- **Records shown**:

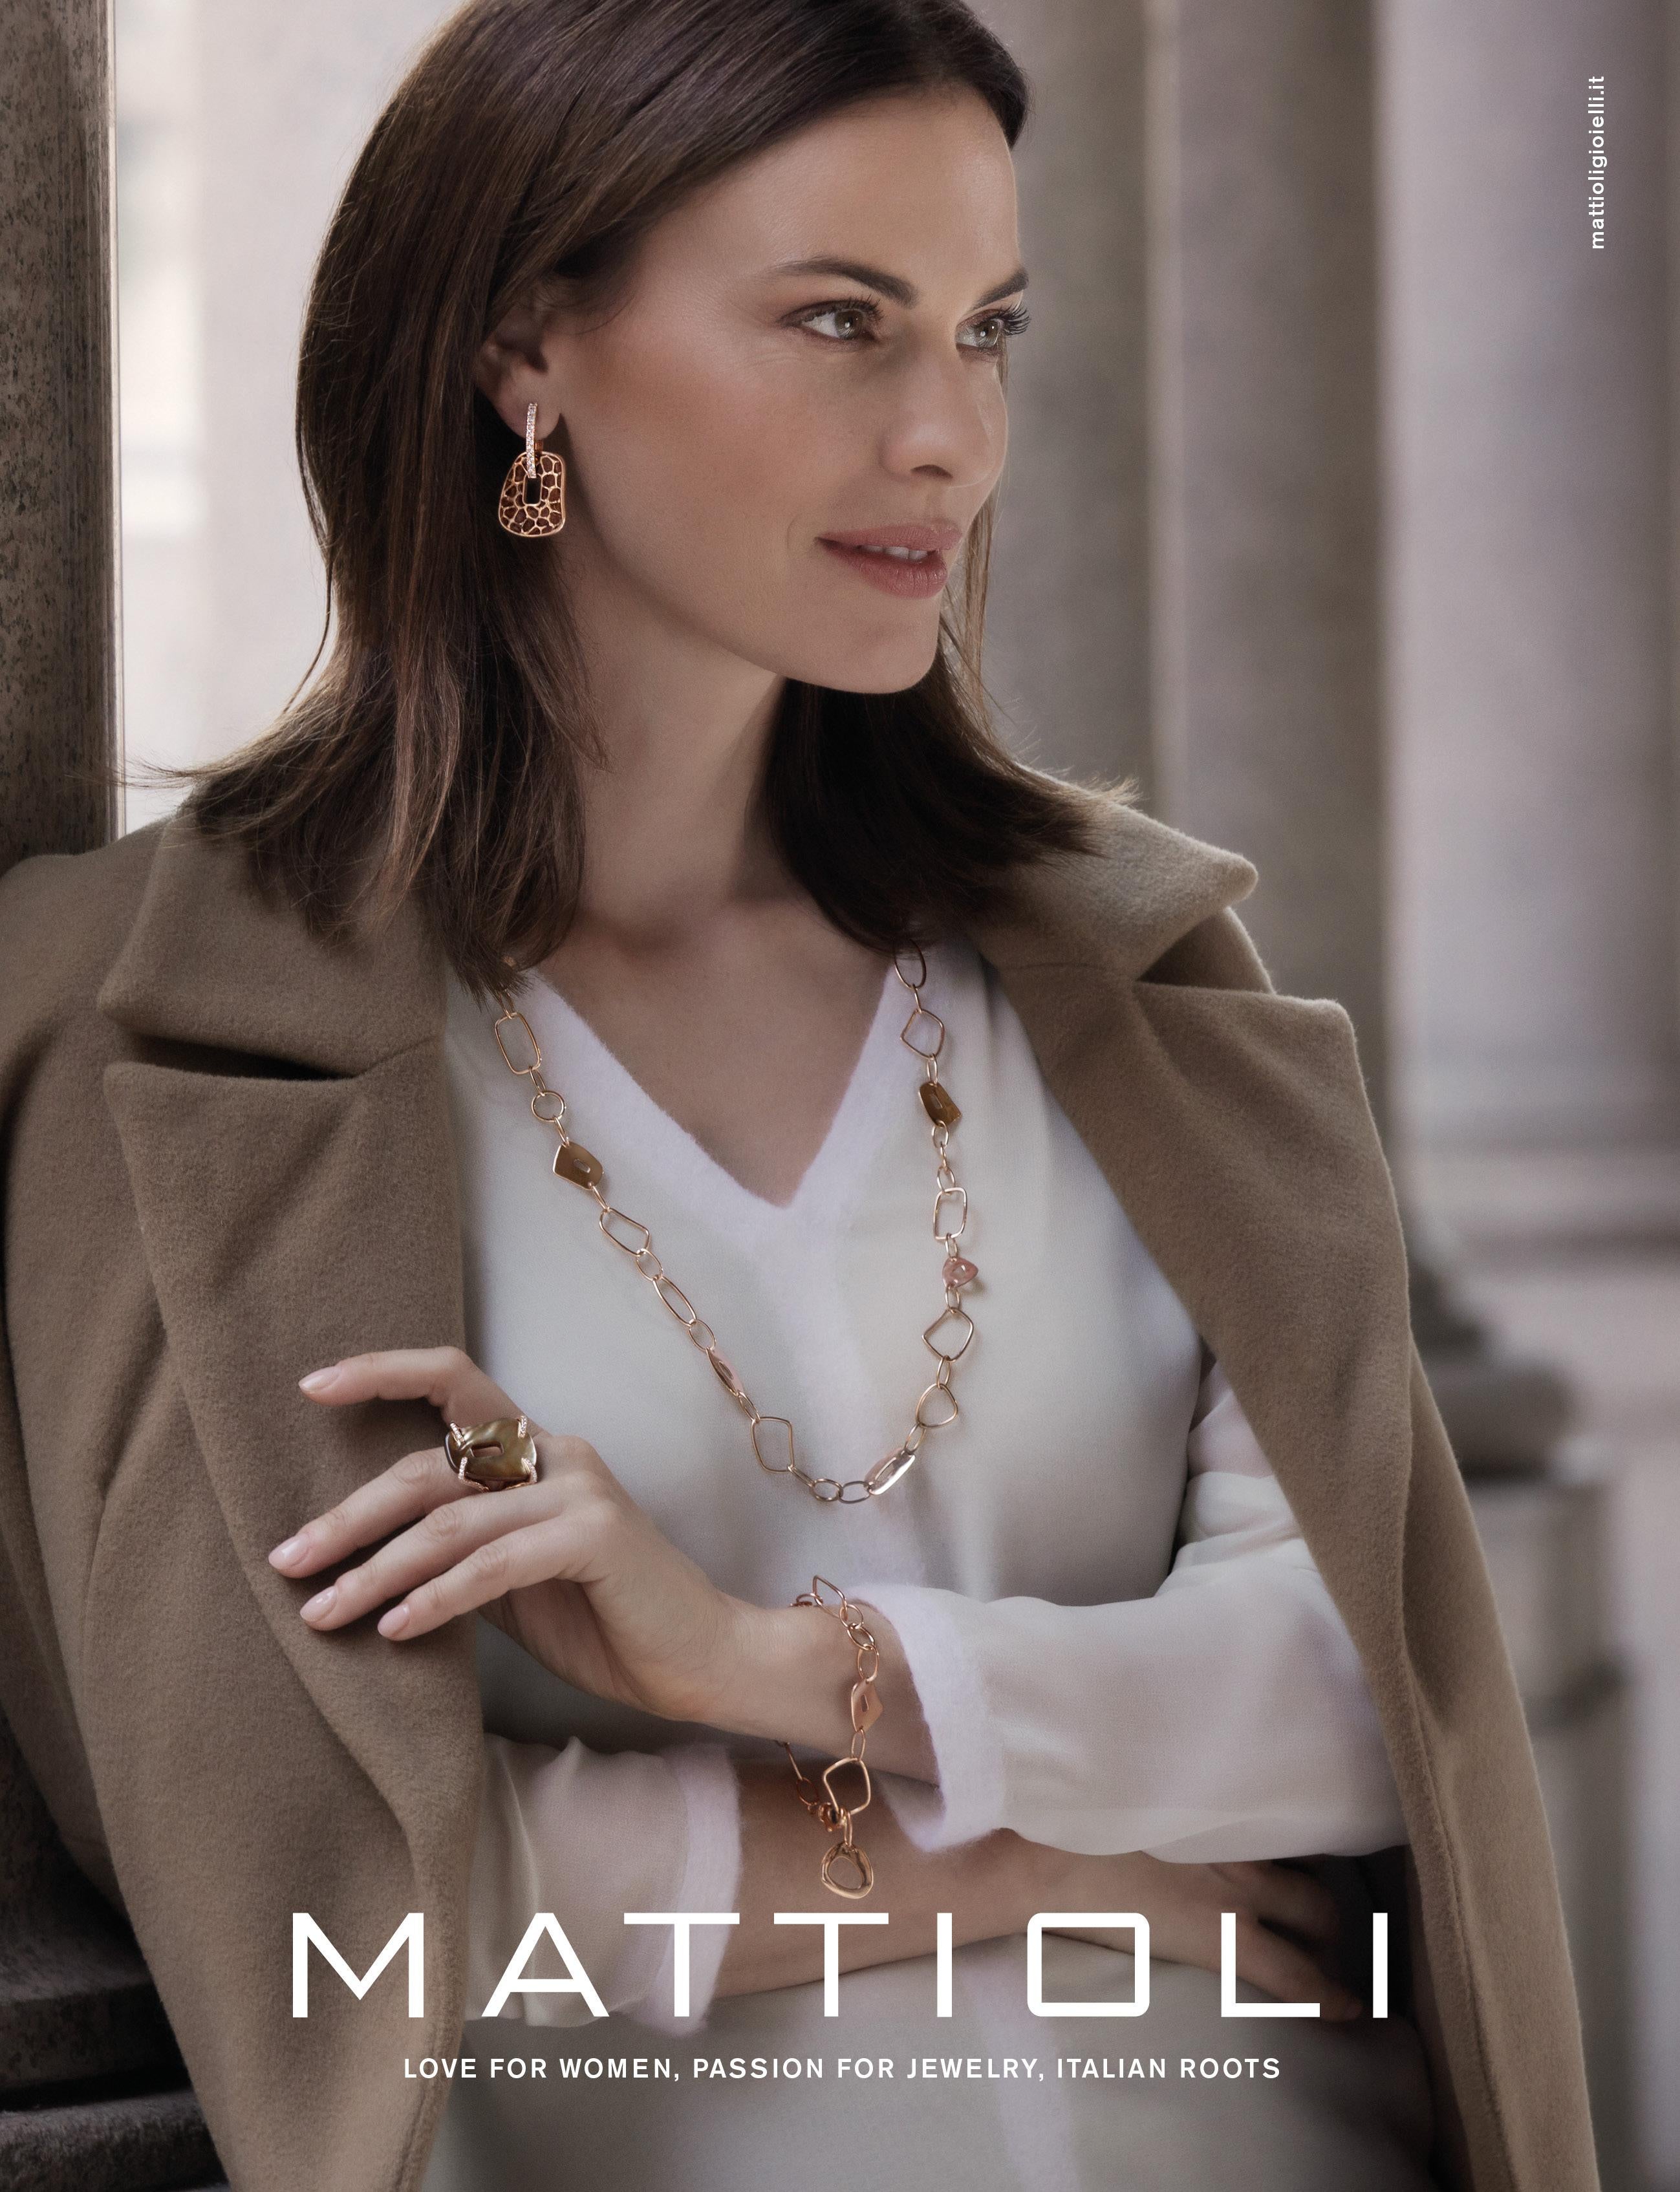 Mattioli Puzzle Collection 18 Karat Rose Gold Necklace
90 cm - 35.4 in
Available on request in other mother of pearl colours, in yellow gold or white gold 
Important information for this ORDER !
Request availability if in stock inmediate shipping
If
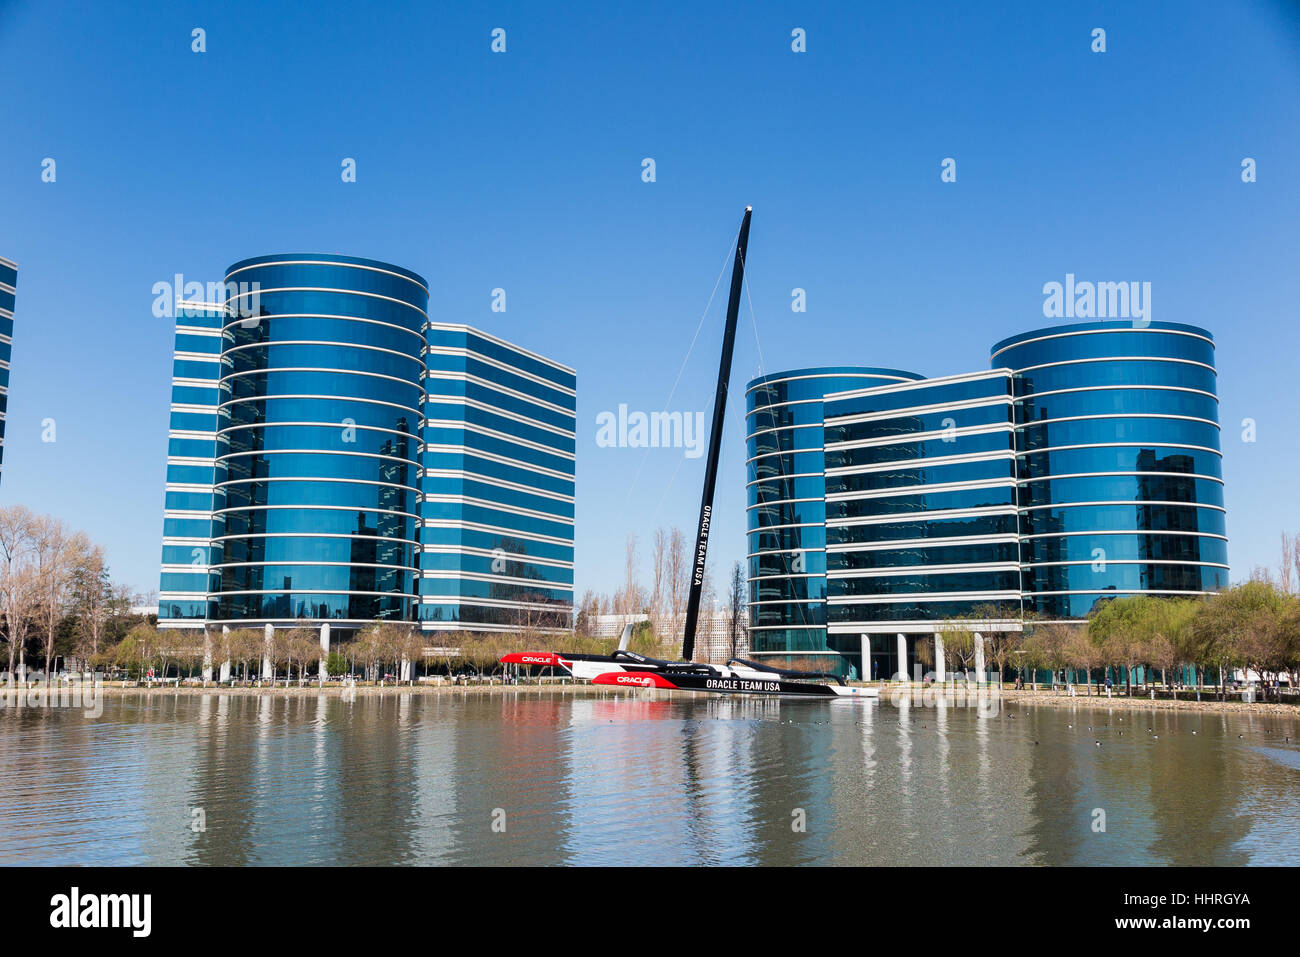 Oracle Corporation headquarters / buildings with a Oracle Team USA yacht  racing boat in a pool at Redwood Shores, California Stock Photo - Alamy
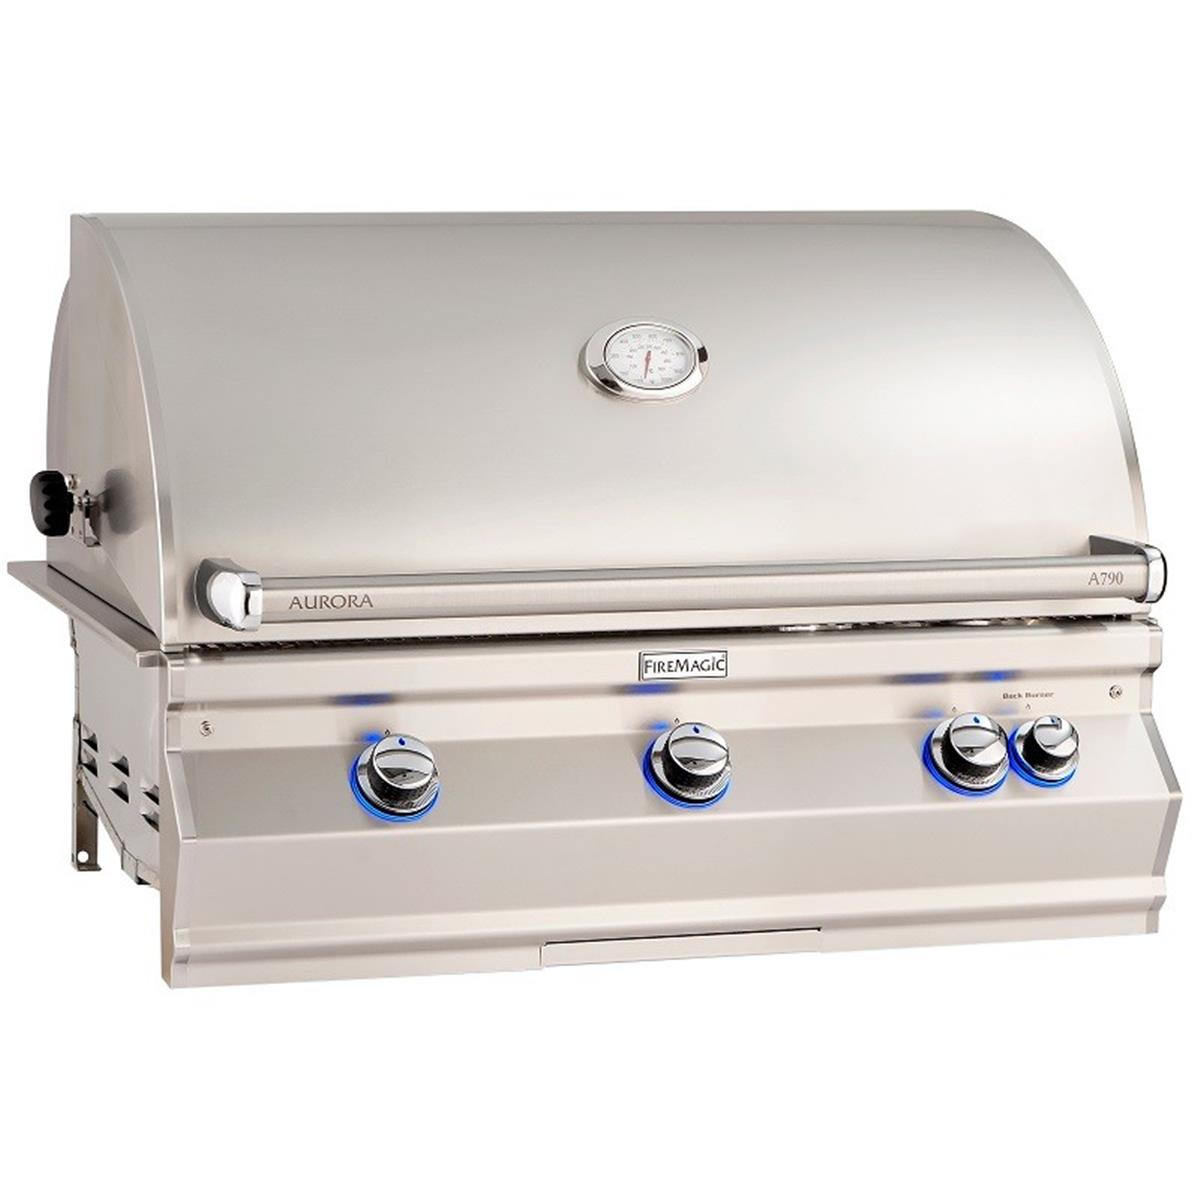 Fire Magic A790I-8EAN 30 in. Aurora Built-In Gas Grill with Backburner & Rotisserie - Natural Gas - A790i HSI

- **Directions for this task**:
Repeat only the lines from the line with "Important information for this ORDER !" to the end of the entries, including both the first and the last line, and drop every picture.

- **Result**:
Important information for this ORDER !
Request availability if in stock inmediate shipping
If
 Oracle Corporation headquarters / buildings with a Oracle Team USA yacht  racing boat in a pool at Redwood Shores, California Stock Photo - Alamy
 Fire Magic A790I-8EAN 30 in. Aurora Built-In Gas Grill with Backburner & Rotisserie - Natural Gas - A790i HSI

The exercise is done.